[Stored items]
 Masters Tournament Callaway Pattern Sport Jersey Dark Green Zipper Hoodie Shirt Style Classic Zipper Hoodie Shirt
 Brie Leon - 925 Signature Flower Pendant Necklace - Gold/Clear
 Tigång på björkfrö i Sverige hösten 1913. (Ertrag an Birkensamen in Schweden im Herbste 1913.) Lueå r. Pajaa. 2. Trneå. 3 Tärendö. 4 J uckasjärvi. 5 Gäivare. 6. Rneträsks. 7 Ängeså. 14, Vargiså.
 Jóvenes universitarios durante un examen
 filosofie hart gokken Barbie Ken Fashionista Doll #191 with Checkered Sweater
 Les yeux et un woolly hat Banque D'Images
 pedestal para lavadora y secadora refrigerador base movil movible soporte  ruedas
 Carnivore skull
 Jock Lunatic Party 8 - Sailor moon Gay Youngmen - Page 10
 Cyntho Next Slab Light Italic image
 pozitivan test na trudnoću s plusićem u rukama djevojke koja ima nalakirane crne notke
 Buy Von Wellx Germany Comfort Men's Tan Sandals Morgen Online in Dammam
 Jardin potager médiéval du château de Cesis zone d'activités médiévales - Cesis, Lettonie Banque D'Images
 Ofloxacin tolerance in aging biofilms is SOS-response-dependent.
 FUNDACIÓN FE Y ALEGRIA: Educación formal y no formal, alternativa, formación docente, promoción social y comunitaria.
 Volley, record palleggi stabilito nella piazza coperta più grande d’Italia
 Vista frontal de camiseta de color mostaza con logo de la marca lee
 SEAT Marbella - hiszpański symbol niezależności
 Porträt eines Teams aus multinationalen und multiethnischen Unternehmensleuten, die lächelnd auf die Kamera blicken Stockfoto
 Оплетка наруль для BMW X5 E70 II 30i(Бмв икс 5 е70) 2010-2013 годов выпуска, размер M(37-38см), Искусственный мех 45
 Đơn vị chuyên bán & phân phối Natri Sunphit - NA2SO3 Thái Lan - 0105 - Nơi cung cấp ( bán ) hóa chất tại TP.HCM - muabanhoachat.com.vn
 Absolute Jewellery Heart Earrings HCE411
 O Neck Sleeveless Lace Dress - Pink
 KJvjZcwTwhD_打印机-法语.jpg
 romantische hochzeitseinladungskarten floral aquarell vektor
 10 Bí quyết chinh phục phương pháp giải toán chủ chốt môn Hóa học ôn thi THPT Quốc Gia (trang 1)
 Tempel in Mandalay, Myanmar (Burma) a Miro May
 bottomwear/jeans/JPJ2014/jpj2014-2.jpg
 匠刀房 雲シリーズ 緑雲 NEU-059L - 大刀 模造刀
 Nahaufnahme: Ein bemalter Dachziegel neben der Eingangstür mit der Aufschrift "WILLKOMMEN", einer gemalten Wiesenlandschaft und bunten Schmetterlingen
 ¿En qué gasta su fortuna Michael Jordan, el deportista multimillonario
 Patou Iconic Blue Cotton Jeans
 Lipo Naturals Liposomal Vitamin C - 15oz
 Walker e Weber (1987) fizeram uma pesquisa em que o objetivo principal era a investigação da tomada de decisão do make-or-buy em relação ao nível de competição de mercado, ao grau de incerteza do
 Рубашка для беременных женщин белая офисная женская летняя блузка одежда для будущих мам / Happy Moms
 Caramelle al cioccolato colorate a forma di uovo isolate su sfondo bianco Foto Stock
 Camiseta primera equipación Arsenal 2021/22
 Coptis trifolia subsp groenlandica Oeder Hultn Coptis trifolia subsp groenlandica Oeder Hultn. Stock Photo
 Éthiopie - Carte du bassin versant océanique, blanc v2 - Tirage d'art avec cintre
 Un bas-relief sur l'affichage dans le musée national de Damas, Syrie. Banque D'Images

> _Task goal_: Your answer should consist solely of the lines above from the line with "Porträt eines Teams" to the line with "Lipo Naturals Liposomal Vitamin C - 15oz", both included, reproduced exactly.

> _Completed task_:
 Porträt eines Teams aus multinationalen und multiethnischen Unternehmensleuten, die lächelnd auf die Kamera blicken Stockfoto
 Оплетка наруль для BMW X5 E70 II 30i(Бмв икс 5 е70) 2010-2013 годов выпуска, размер M(37-38см), Искусственный мех 45
 Đơn vị chuyên bán & phân phối Natri Sunphit - NA2SO3 Thái Lan - 0105 - Nơi cung cấp ( bán ) hóa chất tại TP.HCM - muabanhoachat.com.vn
 Absolute Jewellery Heart Earrings HCE411
 O Neck Sleeveless Lace Dress - Pink
 KJvjZcwTwhD_打印机-法语.jpg
 romantische hochzeitseinladungskarten floral aquarell vektor
 10 Bí quyết chinh phục phương pháp giải toán chủ chốt môn Hóa học ôn thi THPT Quốc Gia (trang 1)
 Tempel in Mandalay, Myanmar (Burma) a Miro May
 bottomwear/jeans/JPJ2014/jpj2014-2.jpg
 匠刀房 雲シリーズ 緑雲 NEU-059L - 大刀 模造刀
 Nahaufnahme: Ein bemalter Dachziegel neben der Eingangstür mit der Aufschrift "WILLKOMMEN", einer gemalten Wiesenlandschaft und bunten Schmetterlingen
 ¿En qué gasta su fortuna Michael Jordan, el deportista multimillonario
 Patou Iconic Blue Cotton Jeans
 Lipo Naturals Liposomal Vitamin C - 15oz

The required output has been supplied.